28 - Graft materials past and future

Summary

THE PATHOPHYSIOLOGY OF GRAFT HEALING

The mechanisms of graft healing are of central importance in understanding the successes and failures of current bypass grafts. The tissue response to implantation of a prosthetic graft is complex with many variable factors involved such as the material used, its construction, its porosity, and its length. Further important factors relate to the interaction between the graft and the host artery at the anastomotic areas. Until recently graft design focused on simple conduits for blood flow which were strong (resistant to pressure), biologically inert (resistant to biodegradation) and non-leaking. Each of the major causes of graft failure, luminal thrombogenicity, compliance mismatch and anastomotic intimal hyperplasia, have the potential to be modulated if their aetiology could be better understood. A further stimulus to study of this area is the still unresolved puzzle of man's inability to endothelialise a prosthetic graft beyond the immediate 2 cm or so from the anastomosis.

The peri-anastomotic area

Intimal or neointimal hyperplasia is a characteristic healing reaction to vascular injury.
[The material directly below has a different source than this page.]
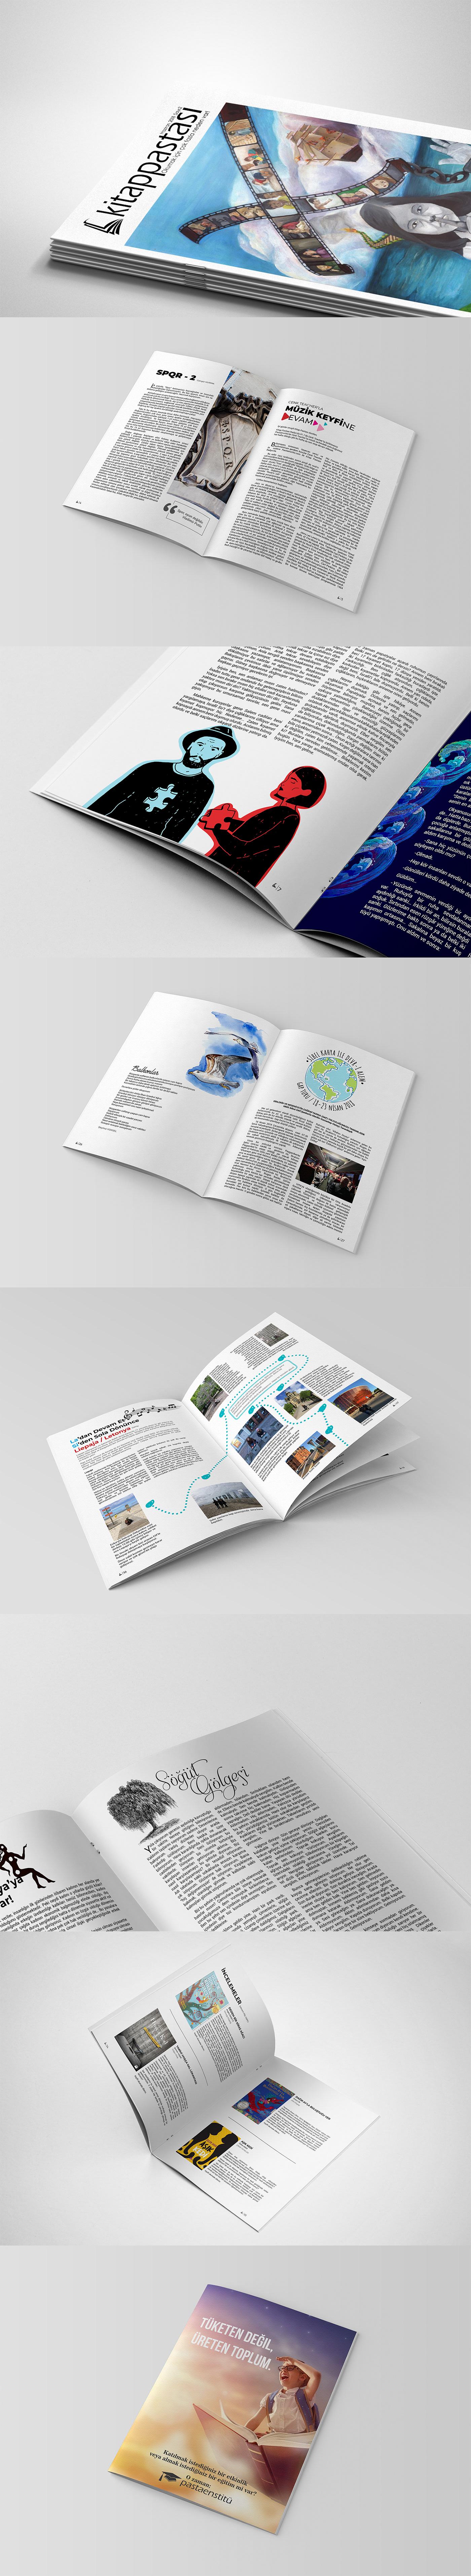 magazine design graphic minimal writing

In prosthetic grafting the injury typically involves the direct trauma of implantation, and subsequent exposure of the anastomotic areas to haemodynamic stress (compliance mismatch, turbulent flow and altered shear stress). This results in injury which is transmural with endothelial removal, variable disruption of the internal elastic lamina and medial smooth muscle cells (SMC).

The three phases of intimal hyperplasia will develop quite rapidly with the first being proliferation of medial smooth muscle cells as soon as 24 hours after injury and lasting up to 4 weeks.